*Exercise directions*
Your answer must contain each line of the listing in which "Back" appears, copied in full.
_ _ _
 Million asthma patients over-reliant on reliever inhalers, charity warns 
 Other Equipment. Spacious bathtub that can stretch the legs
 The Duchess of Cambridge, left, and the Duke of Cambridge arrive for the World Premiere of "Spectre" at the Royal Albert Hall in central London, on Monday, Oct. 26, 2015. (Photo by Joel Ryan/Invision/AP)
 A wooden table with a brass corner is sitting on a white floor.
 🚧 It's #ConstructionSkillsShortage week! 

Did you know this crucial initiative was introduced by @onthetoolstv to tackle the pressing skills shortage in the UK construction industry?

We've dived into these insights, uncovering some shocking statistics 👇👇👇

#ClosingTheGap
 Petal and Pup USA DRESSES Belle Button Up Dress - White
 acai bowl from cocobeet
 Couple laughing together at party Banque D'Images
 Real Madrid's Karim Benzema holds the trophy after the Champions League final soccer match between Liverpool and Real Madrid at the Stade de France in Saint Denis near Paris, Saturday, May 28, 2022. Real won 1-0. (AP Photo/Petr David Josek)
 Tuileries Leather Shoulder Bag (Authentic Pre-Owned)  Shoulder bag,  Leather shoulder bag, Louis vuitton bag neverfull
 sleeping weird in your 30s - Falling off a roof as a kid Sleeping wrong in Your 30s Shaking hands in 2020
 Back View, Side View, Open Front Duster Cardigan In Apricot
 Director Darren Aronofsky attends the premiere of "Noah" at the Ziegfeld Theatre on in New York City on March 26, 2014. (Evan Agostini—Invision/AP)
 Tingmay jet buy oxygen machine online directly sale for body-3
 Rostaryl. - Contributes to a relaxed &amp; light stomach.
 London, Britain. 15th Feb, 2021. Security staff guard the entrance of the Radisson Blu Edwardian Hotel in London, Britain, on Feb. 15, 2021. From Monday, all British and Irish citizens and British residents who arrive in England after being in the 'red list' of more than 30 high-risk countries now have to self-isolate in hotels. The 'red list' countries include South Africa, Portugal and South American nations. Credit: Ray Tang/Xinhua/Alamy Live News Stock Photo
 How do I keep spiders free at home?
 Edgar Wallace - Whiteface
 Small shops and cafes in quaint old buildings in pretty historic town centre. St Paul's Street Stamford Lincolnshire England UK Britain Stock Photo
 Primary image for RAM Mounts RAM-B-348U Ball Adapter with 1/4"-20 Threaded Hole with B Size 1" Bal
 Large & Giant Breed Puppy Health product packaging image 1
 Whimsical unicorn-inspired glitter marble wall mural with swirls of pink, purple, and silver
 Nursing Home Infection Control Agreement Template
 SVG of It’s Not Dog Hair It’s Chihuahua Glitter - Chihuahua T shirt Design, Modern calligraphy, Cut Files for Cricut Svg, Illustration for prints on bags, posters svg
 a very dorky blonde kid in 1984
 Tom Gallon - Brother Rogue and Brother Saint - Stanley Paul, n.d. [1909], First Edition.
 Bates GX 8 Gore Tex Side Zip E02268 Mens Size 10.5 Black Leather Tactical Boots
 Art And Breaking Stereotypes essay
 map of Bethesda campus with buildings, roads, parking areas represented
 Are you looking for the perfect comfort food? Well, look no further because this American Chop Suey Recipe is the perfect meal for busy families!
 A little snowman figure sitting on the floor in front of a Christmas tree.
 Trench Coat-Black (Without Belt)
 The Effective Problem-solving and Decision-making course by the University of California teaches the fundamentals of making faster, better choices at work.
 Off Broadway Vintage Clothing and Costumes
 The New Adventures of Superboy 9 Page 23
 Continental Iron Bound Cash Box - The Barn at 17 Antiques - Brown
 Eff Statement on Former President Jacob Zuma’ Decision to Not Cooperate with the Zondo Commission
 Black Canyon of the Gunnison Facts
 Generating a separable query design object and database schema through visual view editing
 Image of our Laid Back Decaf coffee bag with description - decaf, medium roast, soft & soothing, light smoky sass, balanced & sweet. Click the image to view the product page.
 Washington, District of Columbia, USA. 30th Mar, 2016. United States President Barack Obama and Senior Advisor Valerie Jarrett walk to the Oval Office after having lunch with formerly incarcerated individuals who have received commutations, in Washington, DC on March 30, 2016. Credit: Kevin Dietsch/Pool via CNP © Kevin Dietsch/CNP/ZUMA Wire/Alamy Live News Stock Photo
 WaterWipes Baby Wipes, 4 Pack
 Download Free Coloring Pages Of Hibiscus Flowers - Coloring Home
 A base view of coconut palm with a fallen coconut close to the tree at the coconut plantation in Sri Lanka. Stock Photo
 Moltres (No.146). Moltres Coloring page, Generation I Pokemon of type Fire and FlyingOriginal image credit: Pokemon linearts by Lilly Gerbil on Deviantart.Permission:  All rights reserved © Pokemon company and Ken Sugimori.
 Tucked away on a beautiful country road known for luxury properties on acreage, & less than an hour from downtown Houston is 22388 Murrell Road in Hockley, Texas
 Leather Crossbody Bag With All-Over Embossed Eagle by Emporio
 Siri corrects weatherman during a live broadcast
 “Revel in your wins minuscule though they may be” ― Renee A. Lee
_ _ _
*Task answer*
 Back View, Side View, Open Front Duster Cardigan In Apricot
 Image of our Laid Back Decaf coffee bag with description - decaf, medium roast, soft & soothing, light smoky sass, balanced & sweet. Click the image to view the product page.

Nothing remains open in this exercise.